Whatever the reason, each opera must be judged on its own terms, and The House of the Sun makes for compelling, even moving listening. The sisters, as lost children of a dead world, can symbolize the ideals of Western civilization, pathetically neglected and out of place in a contemporary world, represented in the opera by lawyers, bankers, and social welfare workers.
However, Rautavaara’s classification of the opera as a tragedia buffa must be recalled. Sad as they are, the sisters remain somewhat foolish creatures who engineered their pathetic fate by refusing to adapt to new surroundings. When two young men, brought to the home to help the ladies out, take advantage of the ladies’ obliviousness to steal a precious egg, they also, out of sheer random cruelty, shut off the electricity. The ladies cannot fathom how to turn it back on, and settle down into their hallucinations of their deceased family members, who remind me that “nothing [is] really, really real.”
Despite techniques familiar from many contemporary scores, such as bursts of aggressive percussion, a haunting lyrical mood dominates. Without strong melodic content, the music still manages to convey a lost world of beauty and grace, and a long duet for the sisters in act one, over nostalgic strings, is masterfully conceived.

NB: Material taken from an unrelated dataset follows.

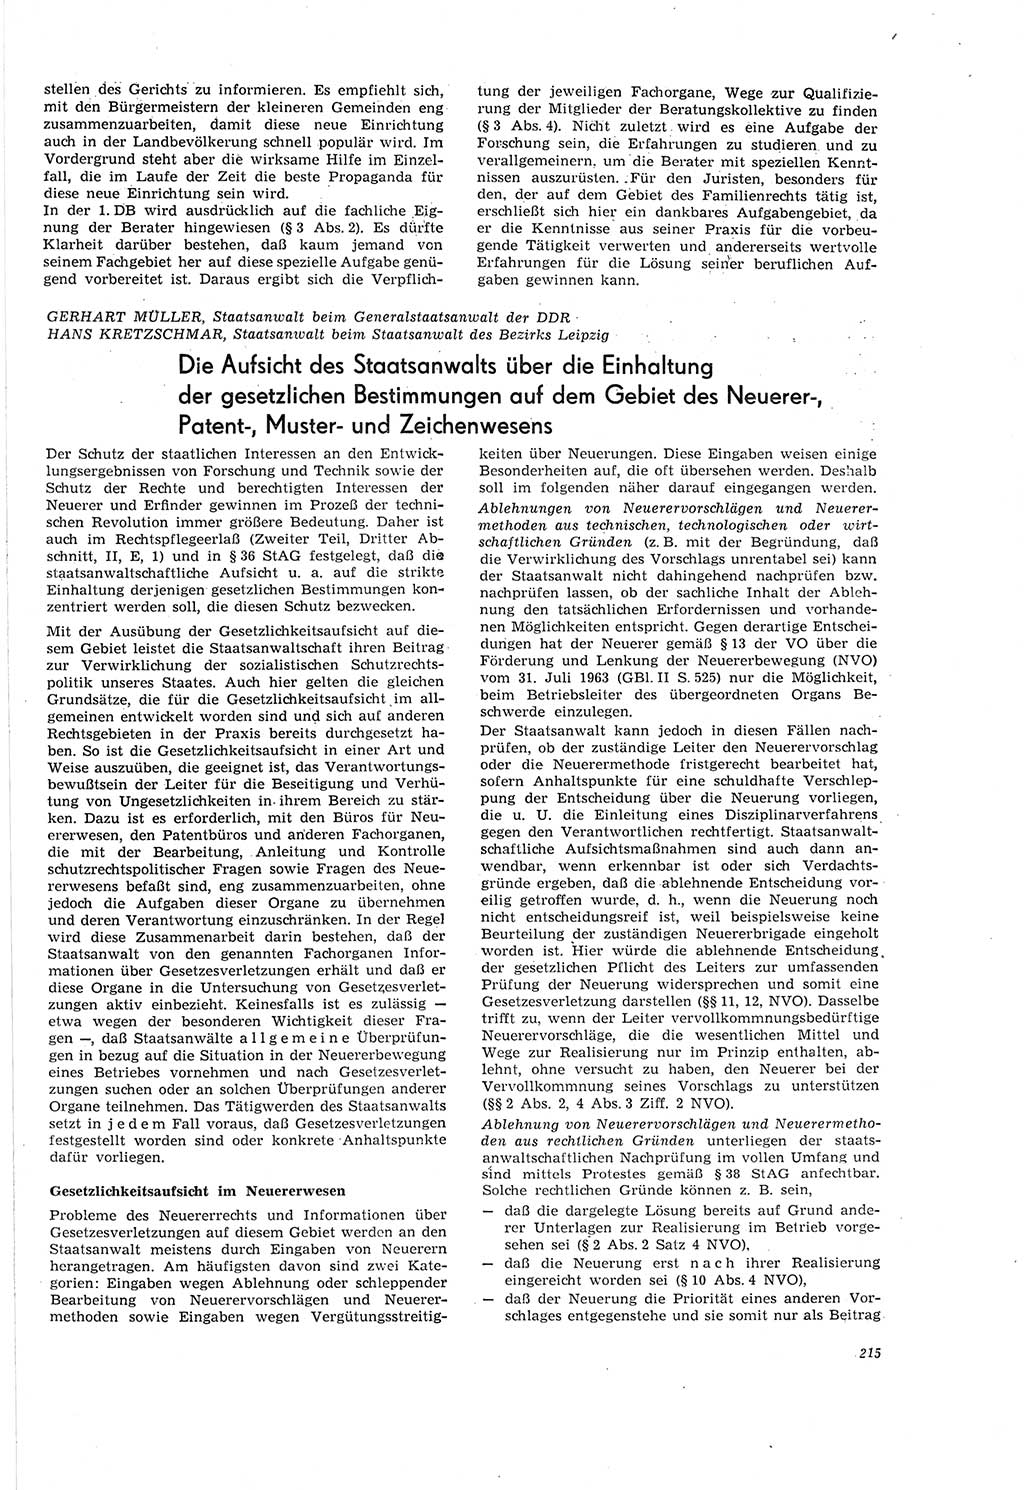 Neue Justiz (NJ), Zeitschrift für Recht und Rechtswissenschaft [Deutsche Demokratische Republik (DDR)], 20. Jahrgang 1966, Seite 215 (NJ DDR 1966, S. 215)

The stage-worthiness of the opera may be questionable, but as a vehicle for female voices, surely a smaller company could find it worthwhile. On this recording Anna-Kristina Kaappola and Raija Regnell’s voices blend beautifully as the older sisters, and their younger selves are sung by Mia Huhta and Helena Juntunen. Male voices tend to the gruff, fitting the characters, and Mikko Franck leads the Oulu Symphony Orchestra with requisite force and sensitivity.
Rautavaara’s libretto is as skillful as his music. Under 90 minutes long, the opera as recorded conveys the sad, monotonous life of the sisters without being static itself. When the final visitor knocks portentously on the door as the sisters slip away, listeners may feel that a whole world, slightly ridiculous and yet deeply beautiful, has slipped off to its eternal rest, leaving nothing but a world of commerce and bureaucracy.
One may even be inspired to turn off the electricity and join the sisters in proclaiming that nothing is really, really real — but have some batteries for the CD Walkman handy, so that Rautavaara’s The House of the Sun can serve as a morbid soundtrack.